IACP Submits Comments to CMS on Equality in Billing of “Prepared Drugs”
09/14/2012 -- For more than a year, IACP’s Work Group on Centers for Medicare and Medicaid Services (CMS) Billing Issues has developed positions and policies for the Academy’s Board of Directors on how pharmacies are supposed to submit bills for “prepared drugs” compounded and dispensed incident-to a billable physician service. Last week, your Academy submitted formal comments to proposed rules issued by the agency.
According to the agency, only physicians who administer a medication in their offices are permitted to directly bill or be reimbursed for those products. Where that impacts pharmacists – and compounders especially – is when a medicine is prepared by the pharmacy but administered in the physician’s office. According to CMS, the pharmacy should only bill and receive payment for those preparations from the prescriber and not CMS directly.

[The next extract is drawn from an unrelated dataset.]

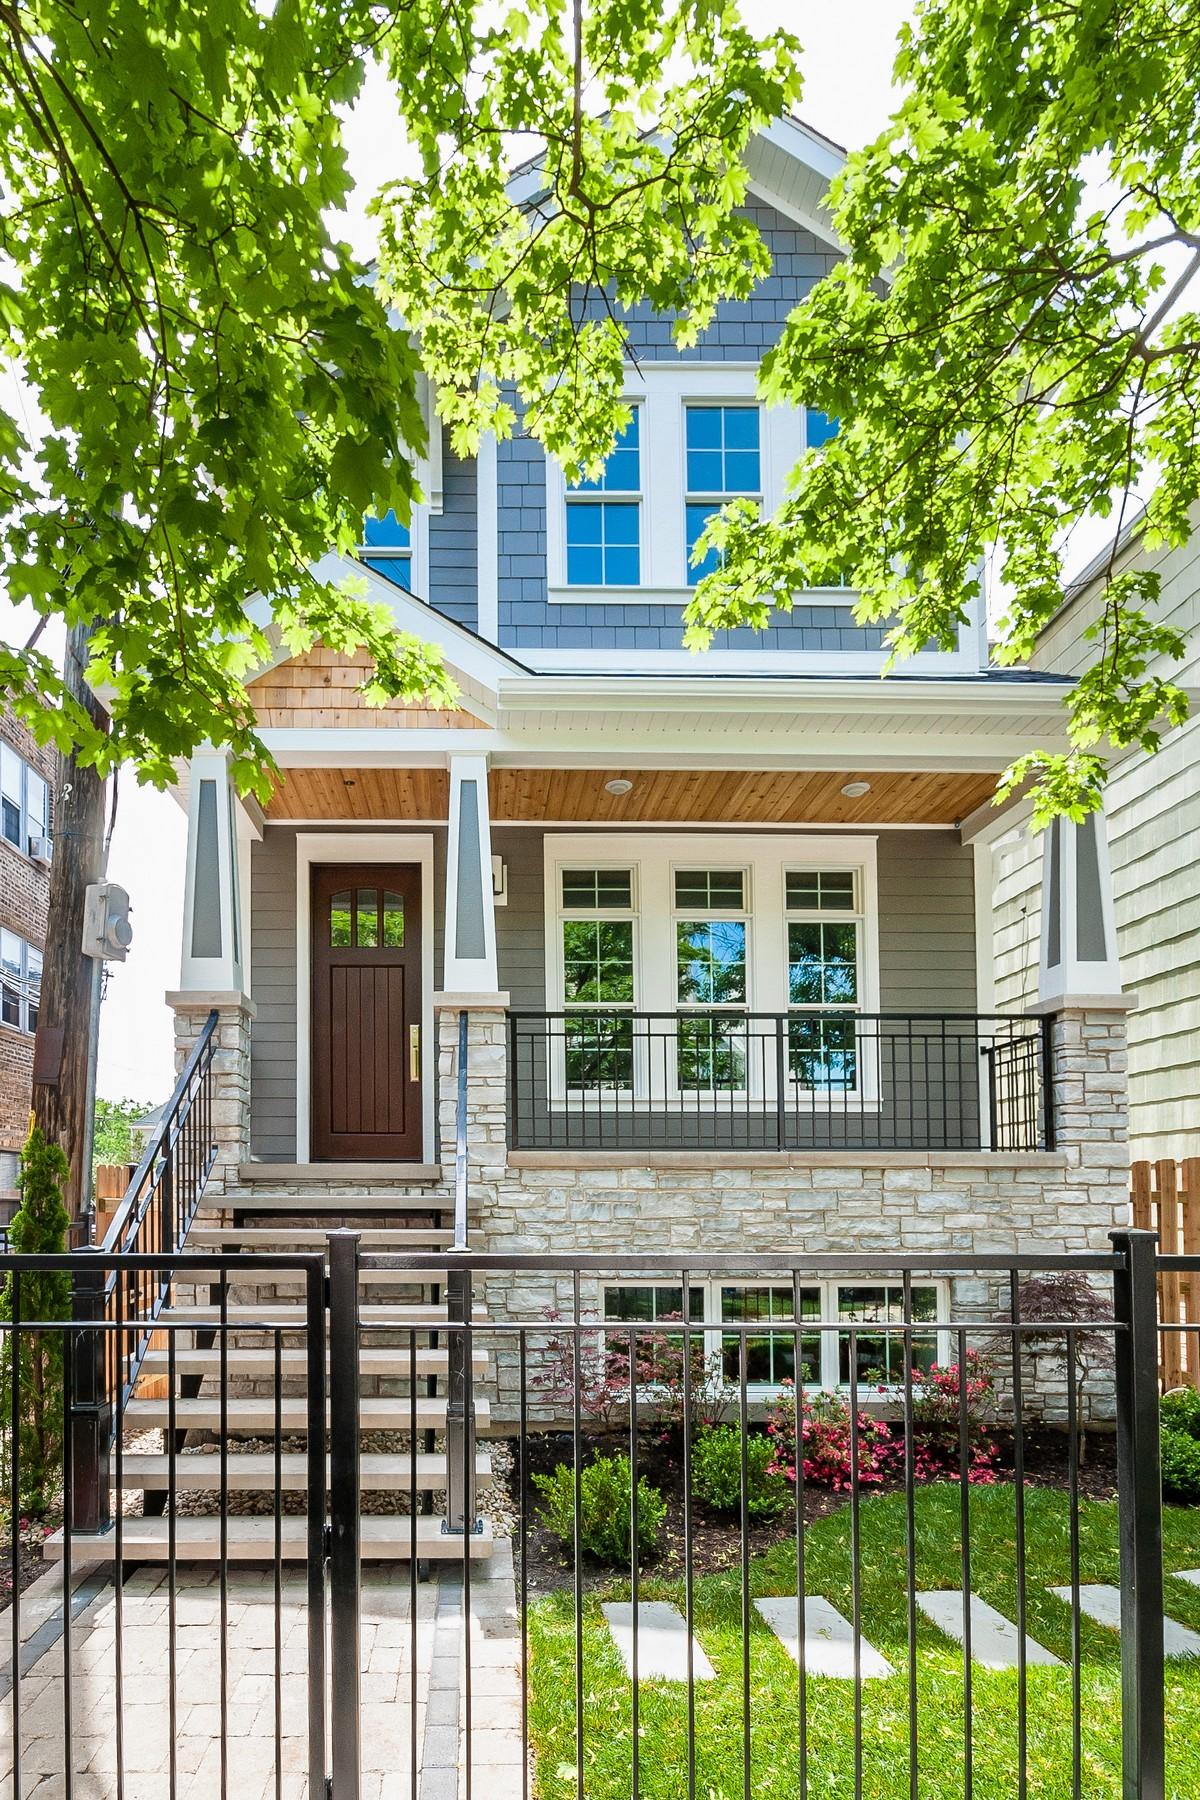 獨棟家庭住宅 為 出售 在 Micor Custom Home 2045 W Belle Plaine Avenue North Center, Chicago, 伊利諾斯州, 60618 美國

At the heart of the issue is a serious inconsistency in CMS’ policy and its enforcement of that position. Some of the regional carriers – the companies hired by CMS to process Medicare billings -- have accepted and paid for direct pharmacy billings for “prepared drugs.” Other carriers around the country have not. That has created an unlevel playing field for pharmacies that are unable to compete equitably in the marketplace. Some pharmacies regions with carriers that pay directly have used that as a marketing tool to secure business from other pharmacies.
“IACP has looked at this imbalance cause by CMS and tried to find the right middle-ground,” says IACP Immediate Past President John Herr, RPh, FIACP. “The difficulty is that we have some members who are helped and some who are harmed by the agency’s failure to solve the problem of their own making. In preparing our comments, we focused on how this will be resolved now and prevented in the future rather than saying that one group is right and one group is wrong.”

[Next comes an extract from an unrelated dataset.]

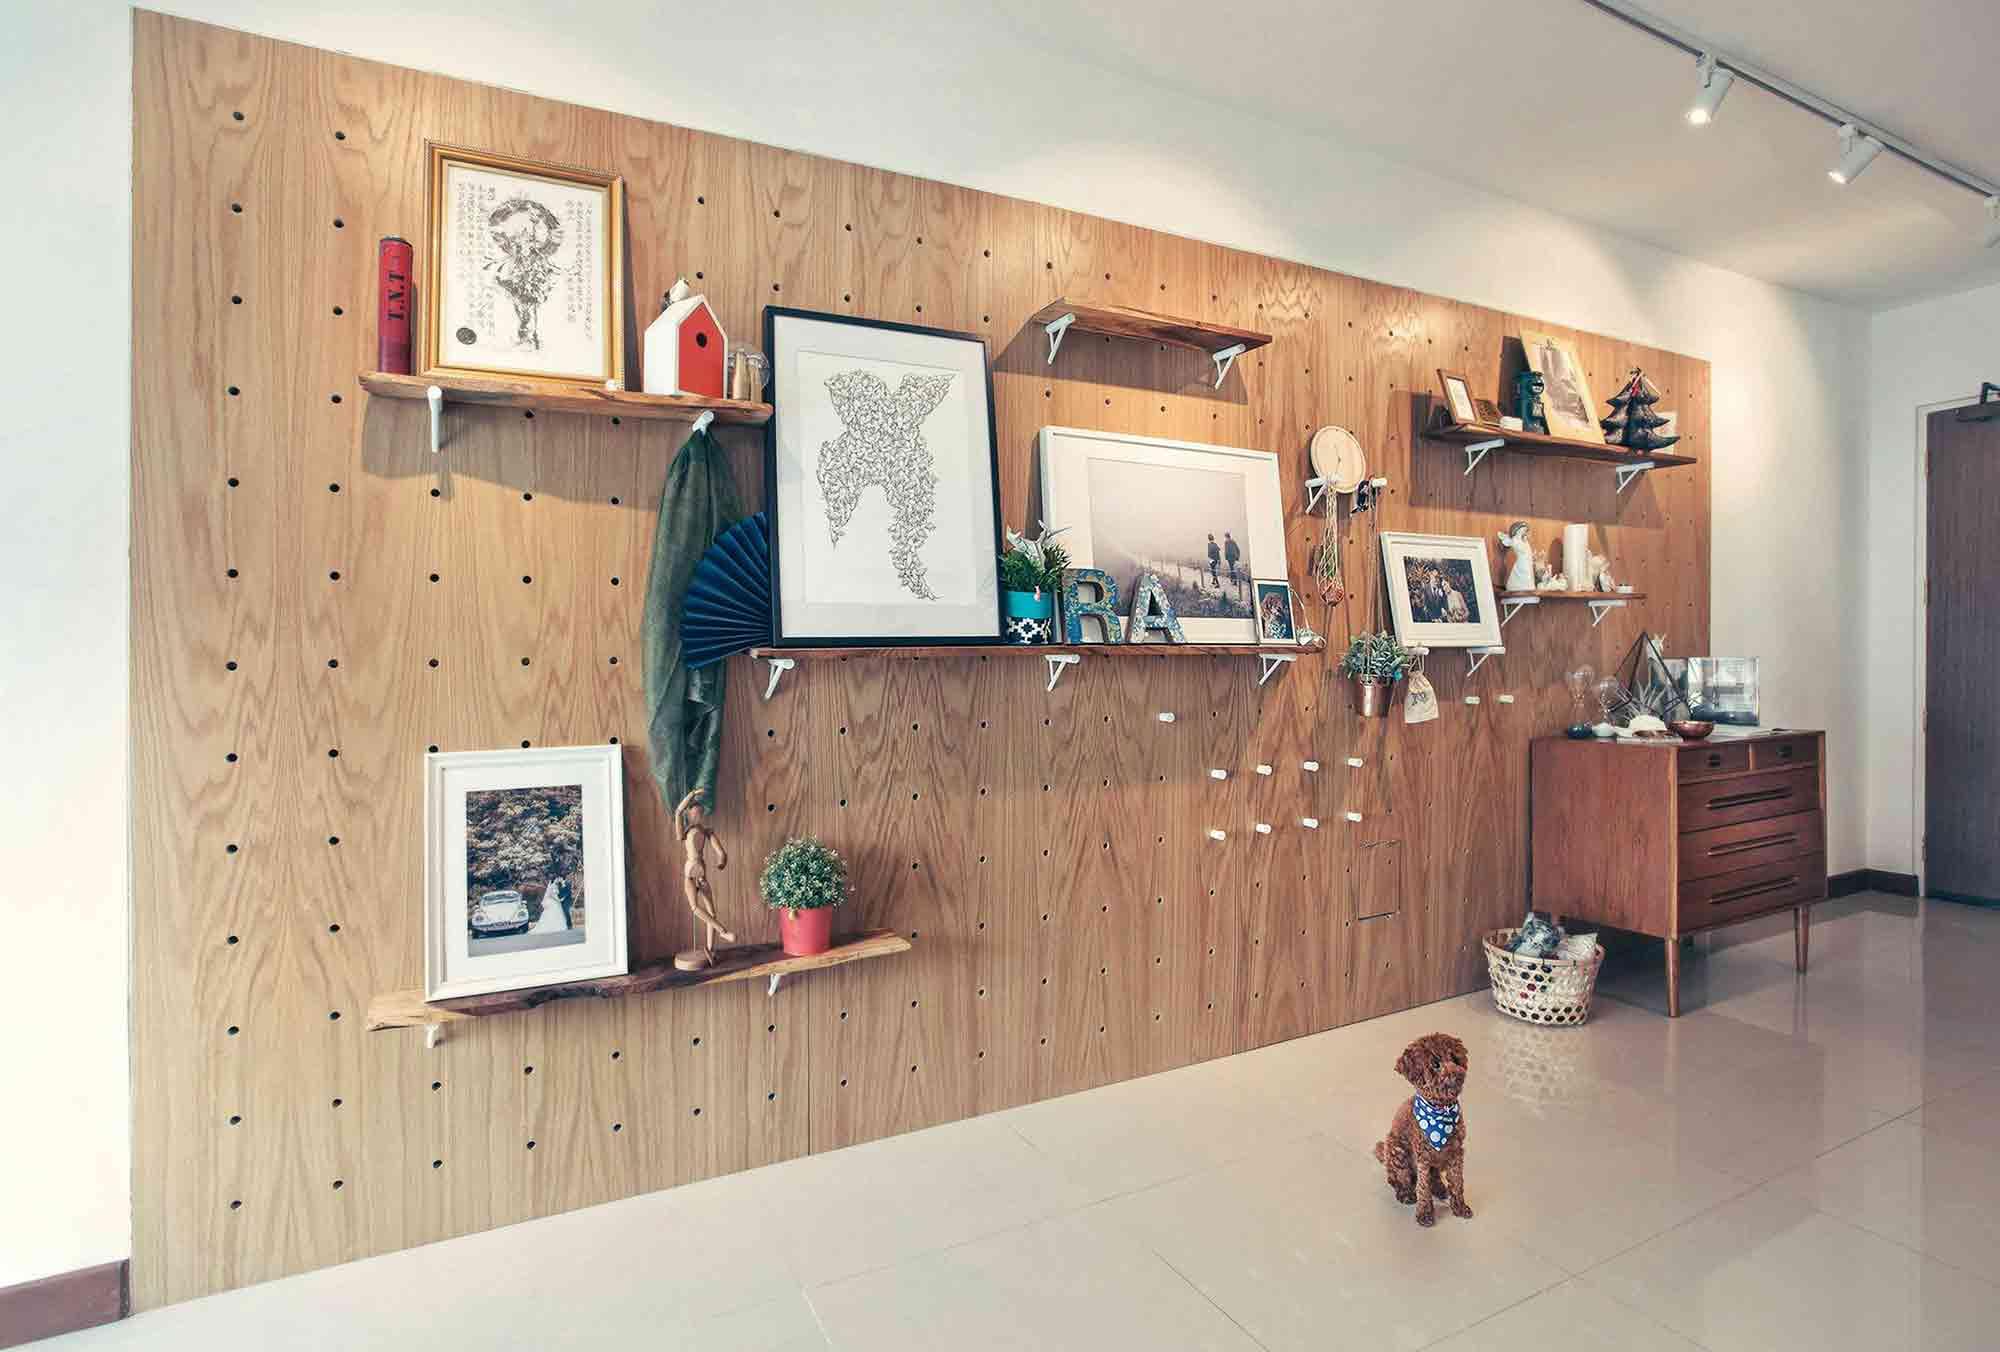 Rak dinding modular karya HelloEmbryo, via arsitag.com

“This issue will not be fixed any time soon,” says IACP Vice-President of Government Affairs Sarah Dodge. “At a minimum, CMS will take several months to read through all the comments on this important compounding issue before it makes any further decision. Plus, we have to understand that our issue is but three pages within a much larger rule making publication which affects everything from this problem to the new reimbursement structure for physicians.”
As things develop IACP will continue to update you on our efforts to secure fair treatment for compounders by public and private payers.